Every age in society brings its peculiar “biases.” I’m not speaking here of social prejudices, but rather of prefered fields of study which assumptively, by their prominence, color all discussions. This has been recognized by historical analysts for eons.
Thus, the Enlightenment period brought a “prejudice” toward Reason, which is not necessarily a bad thing, just an acknowledgement that Reason was the central organizing prinicple. In the 1970’s it was the field of psychology that was elevated to near-sacred status. If you were really “modern” you had at least your own therapist, if not a psychiatrist instead or in addition; and if you were a poster-child for psychology you also attended weekly group therapy. Psychology was so popular that it overran itself, in that psychology programs became overenrolled and produced a glut of psychologists on the market, many of whom found themselves unemployed and eventually changing careers.
In the early 21st century here, it’s medicine. The tendency, therefore, is to view every human behavior through the “determined” or determinable lens of medicine. Well, if your physiology determines your behavior, then your culpability (for anything) vanishes. Because it’s a slippery slope from saying medicine determines just “some” behavior: Why not all behavior? Maybe I have an inborn genetic tendency to lie, or to steal, or to murder. We get the same problem with popularizing medicine that we got with popularizing psychology in the '70’s: sloppy “science.”
Genes, and brain configurations, shape initial tendencies – not just sexually, but in a whole host of potentialities – interests, temperament, every variety of attraction & possibility.
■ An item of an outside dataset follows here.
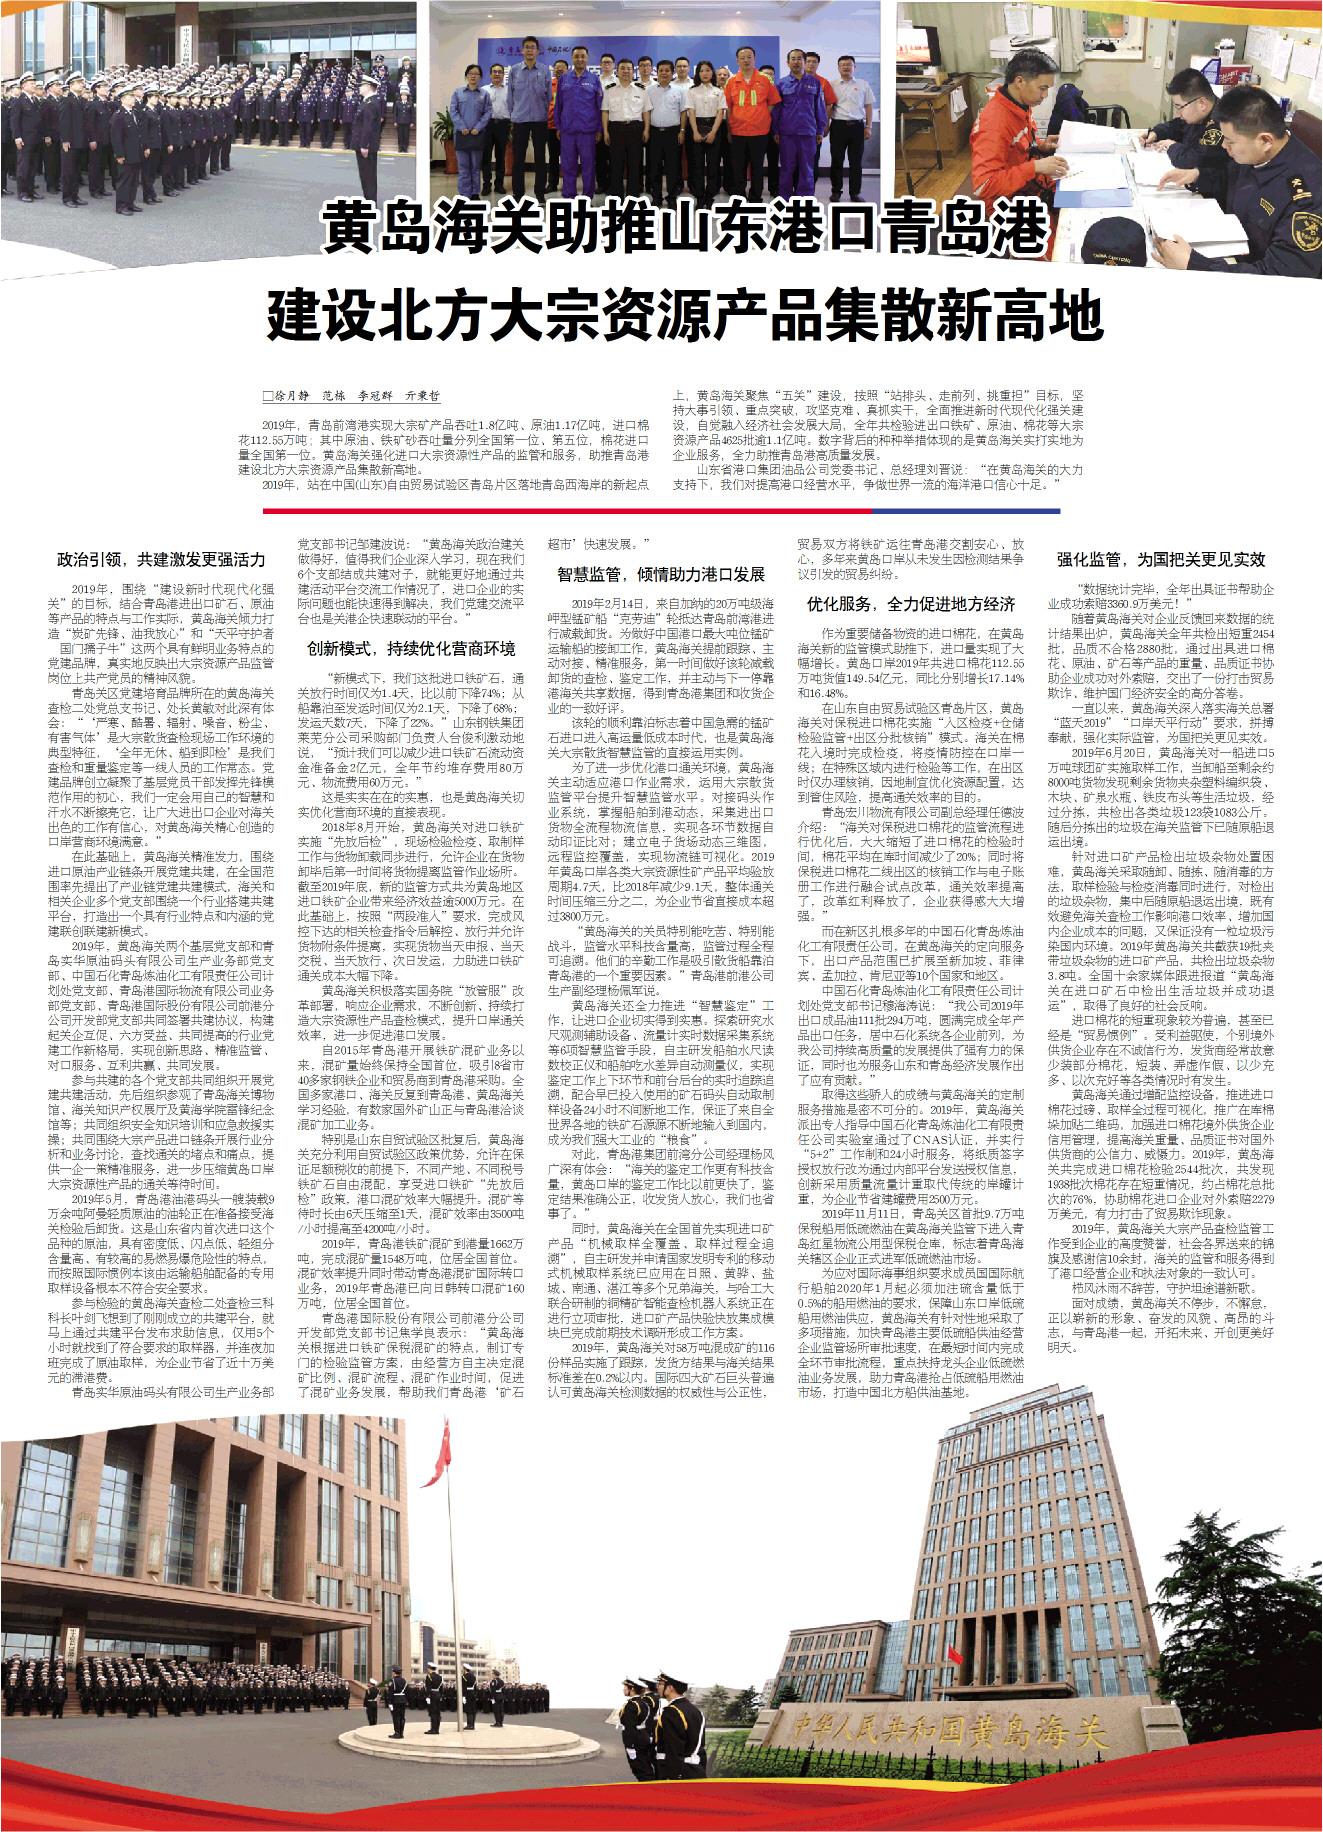 专本跺+_2019年,黄岛海关派出专人指导中国石化青岛炼油化工有限责任公司实验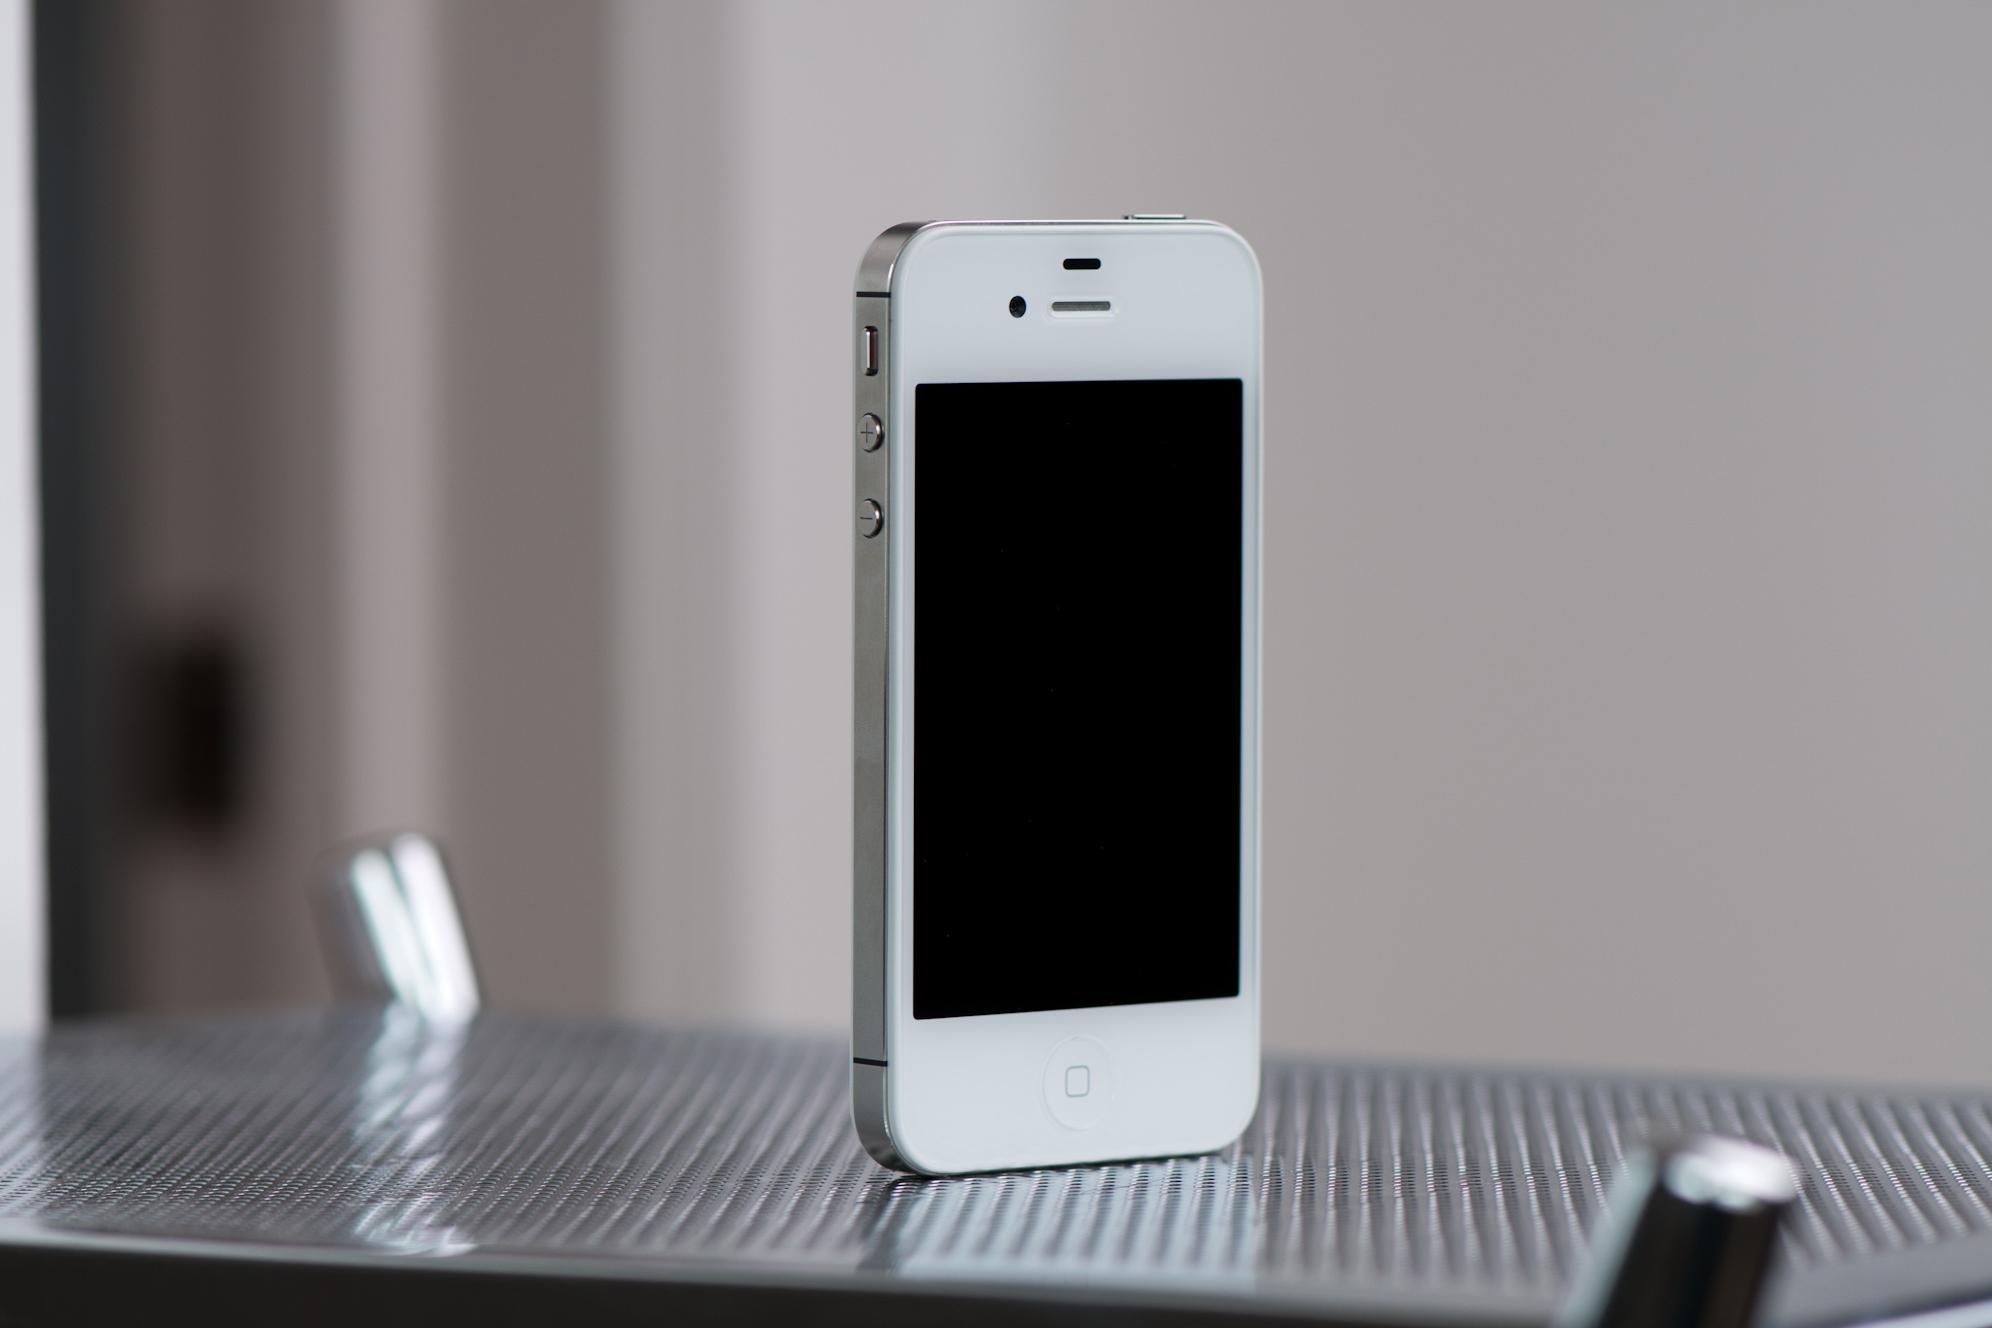 Смартфоны четвертого поколения объявлены устаревшими

However, the infant is still in many respects a “tabula rasa.” Environment is huge in the formation of the individual, and anyone who doesn’t understand that hasn’t read enough (no, not science), but biographies. It’s patently clear, when you do enough wide reading, that there are thousands of people who would have, might have, turned out quite differently, given innate tendencies and even circumstances of their births, had it not been for positive, unusual, countervailing, etc. influences after their births. That includes, btw, many people who were probably bipolar (their biographies exhibit that) before we had a name for it, Borderline Personality Disorder before it was supposedly determined that it was a “hopeless” diagnosis, people who were clinically depressed (to the point where today we would consign them to little expectation of living a productive life, but rather consign to “disability” and 24/7 meds); in fact, many artists, especially the body of classical composers, were then, and are today, subject to depression.
Medicine as determinism is first of all junk science, and second of all, toxic to humanity. But the worst of all is limiting the complex phenomenon of sexuality to the field of medicine. Sexuality is not just, or even primarily, medical. If you don’t know that, you haven’t done much reading. Sexuality depends on so many factors and influences that it can hardly be confined to genetic determinism. That is so obvious merely by looking at varieties of behavior in various societies over time (including today), and by chosen behaviors in subcultures such as prisons.